Neurologia Redazione DottNet | 22/07/2024 12:50

Corteccia cerebrale più sottile e permeabilità dell'intestino

L'emicrania modifica la struttura del cervello in maniera progressiva fin dall'infanzia. Corteccia cerebrale più sottile rispetto ai soggetti sani, permeabilità dell'intestino e modalità diverse con cui alcune aree del cervello "parlano" tra di loro, sono le "impronte" riscontrate nel cervello dei bambini. Sono i risultati dello studio in due fasi condotto da clinici e ricercatori delle unità di Neurologia dello sviluppo, Neuro-imaging funzionale e Fisica sanitaria del Bambino Gesù su 100 bambini e adolescenti affetti da emicrania (malattia neurologica che colpisce oltre 1 bambino su 10) e su un gruppo di controllo composto da 100 coetanei senza emicrania.

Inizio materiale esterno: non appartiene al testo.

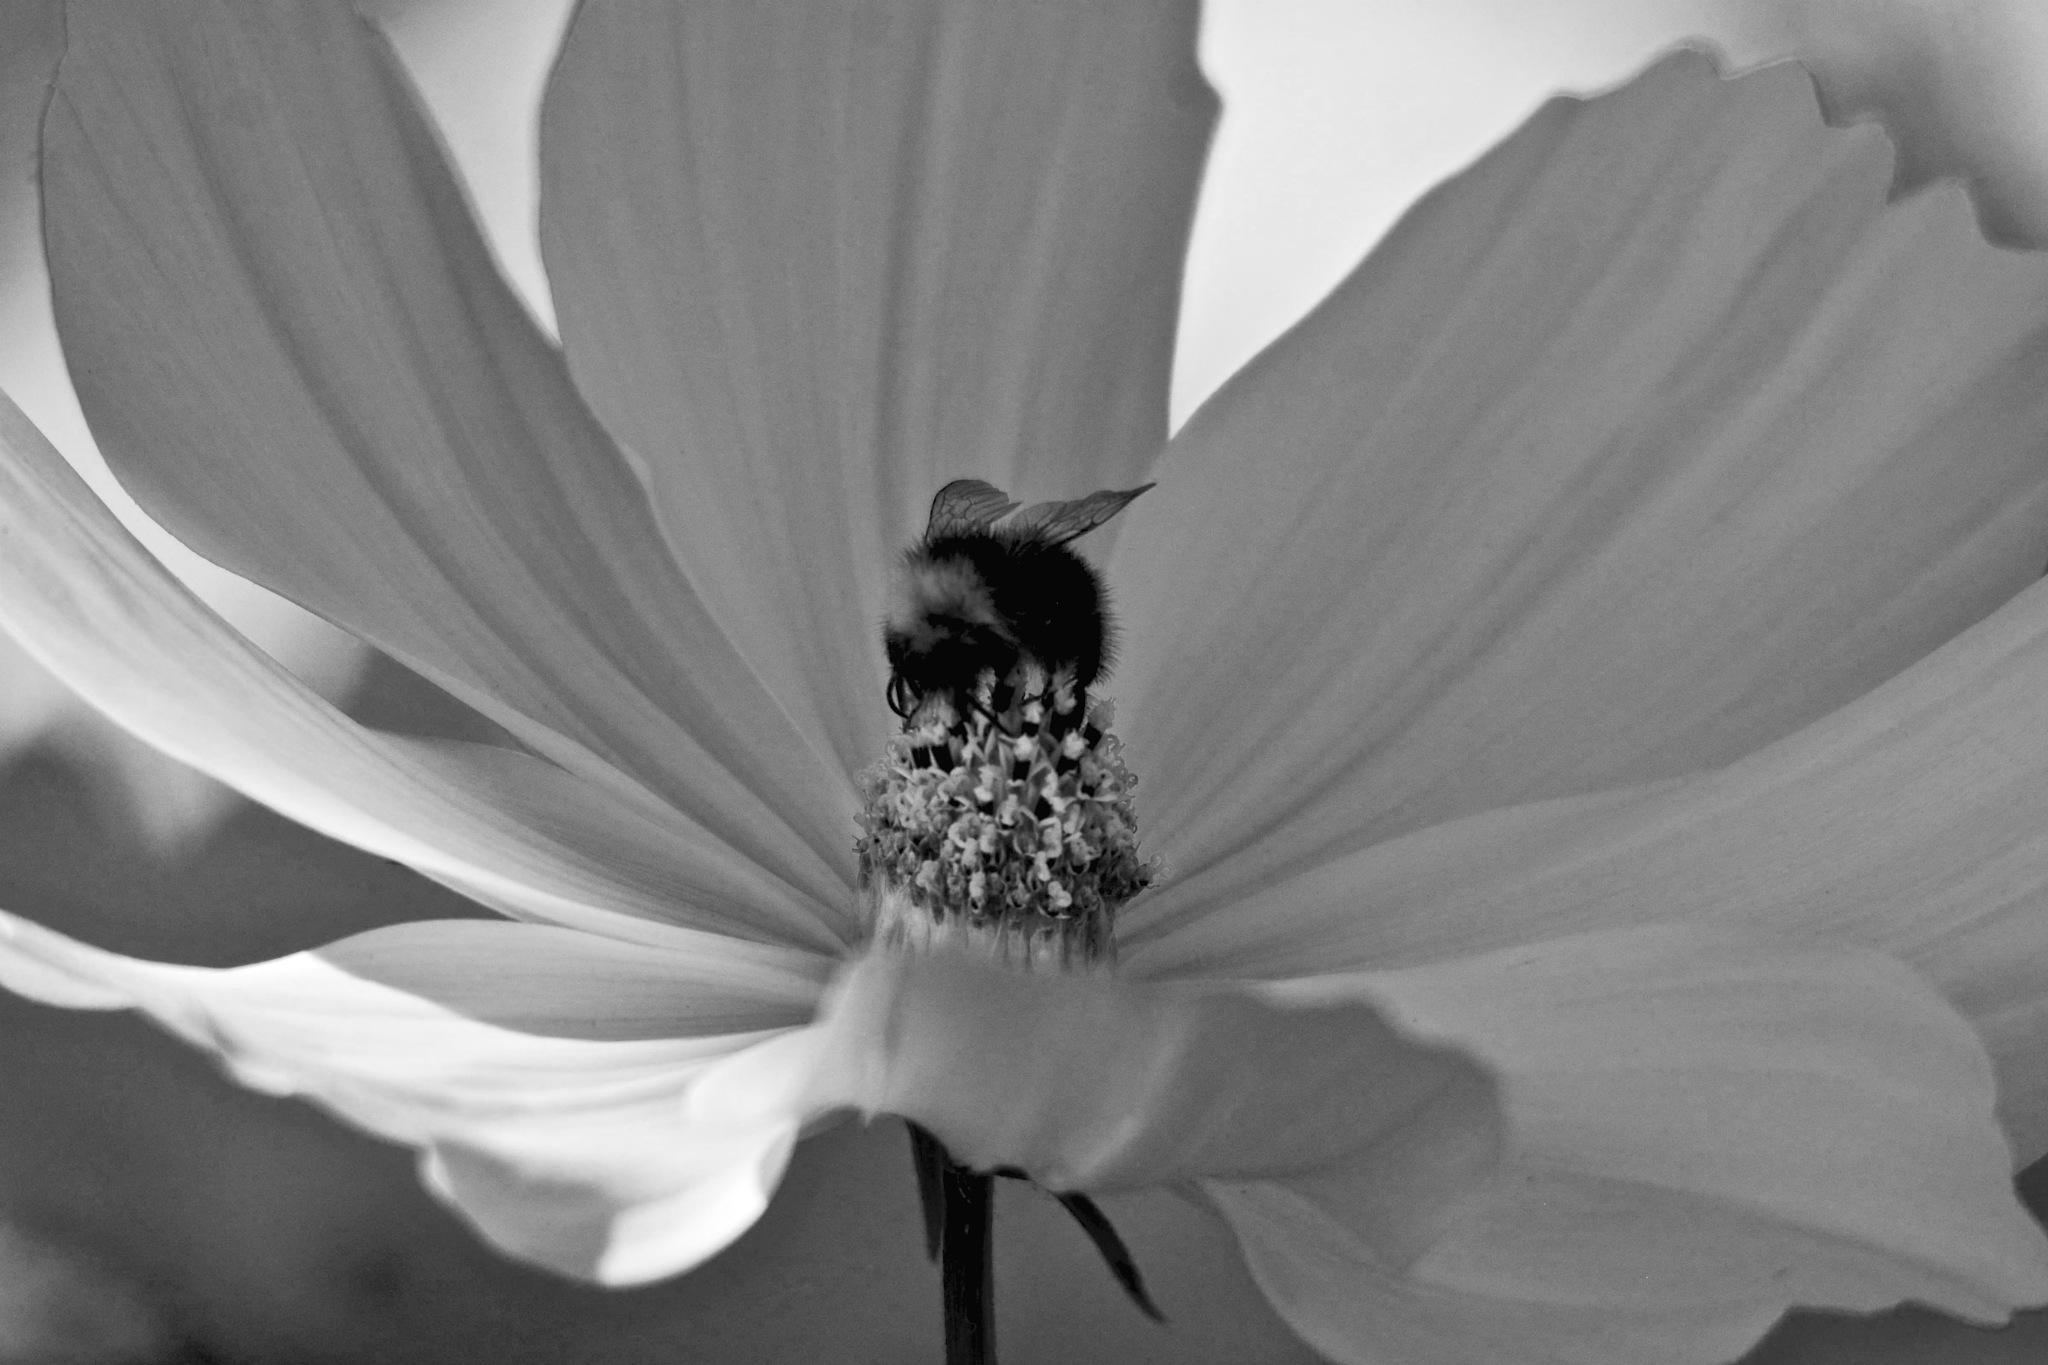 BW Flowers 1.003 by Lars-Toralf Utnes Storstrand
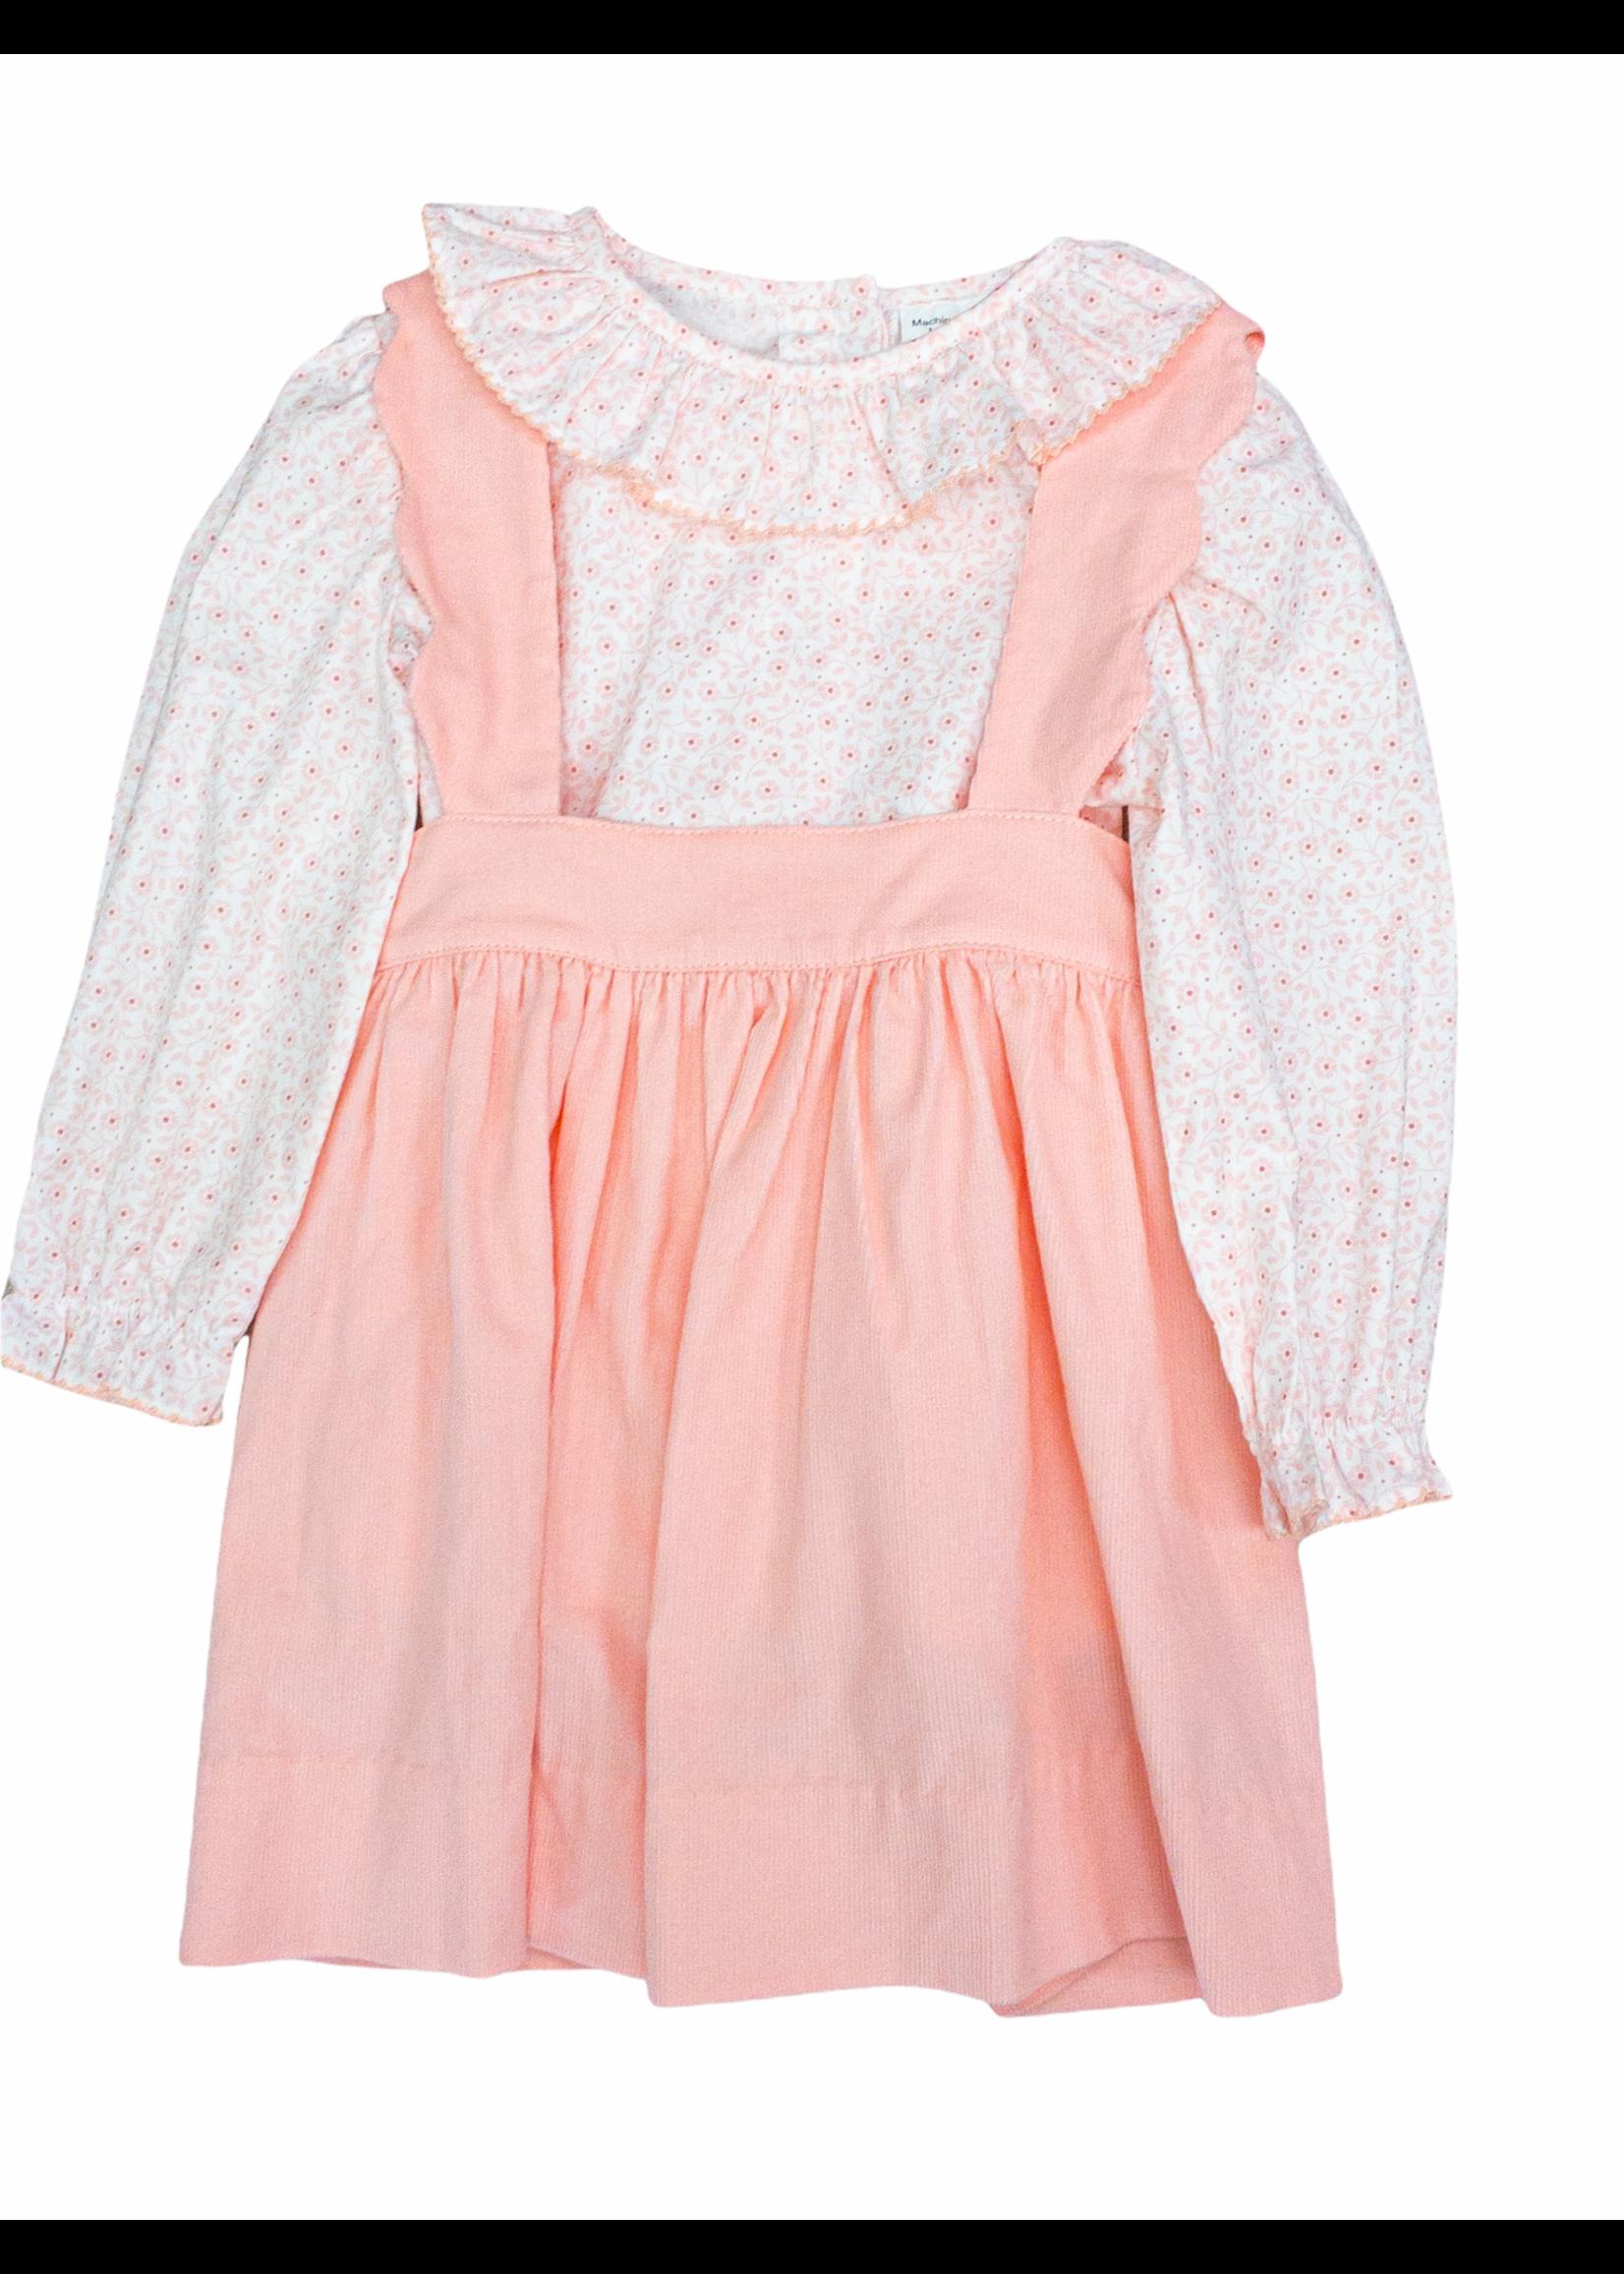 Delaney Blush Pink Cord Ruffle Blouse  Skirt Set

     La ricerca, finanziata dal Ministero della Salute e dell'International Headache Society, ha portato alla scoperta di alcune differenze significative tra i due gruppi (emicranici e sani): attraverso la risonanza magnetica e la tecnica di analisi "morphometric similarity" sono state rilevate diverse modalità di connessione tra aree cerebrali, soprattutto quelle coinvolte nelle funzioni esecutive e nell'elaborazione degli stimoli del dolore e, in corrispondenza delle stesse aree, anche una riduzione dello spessore della corteccia cerebrale.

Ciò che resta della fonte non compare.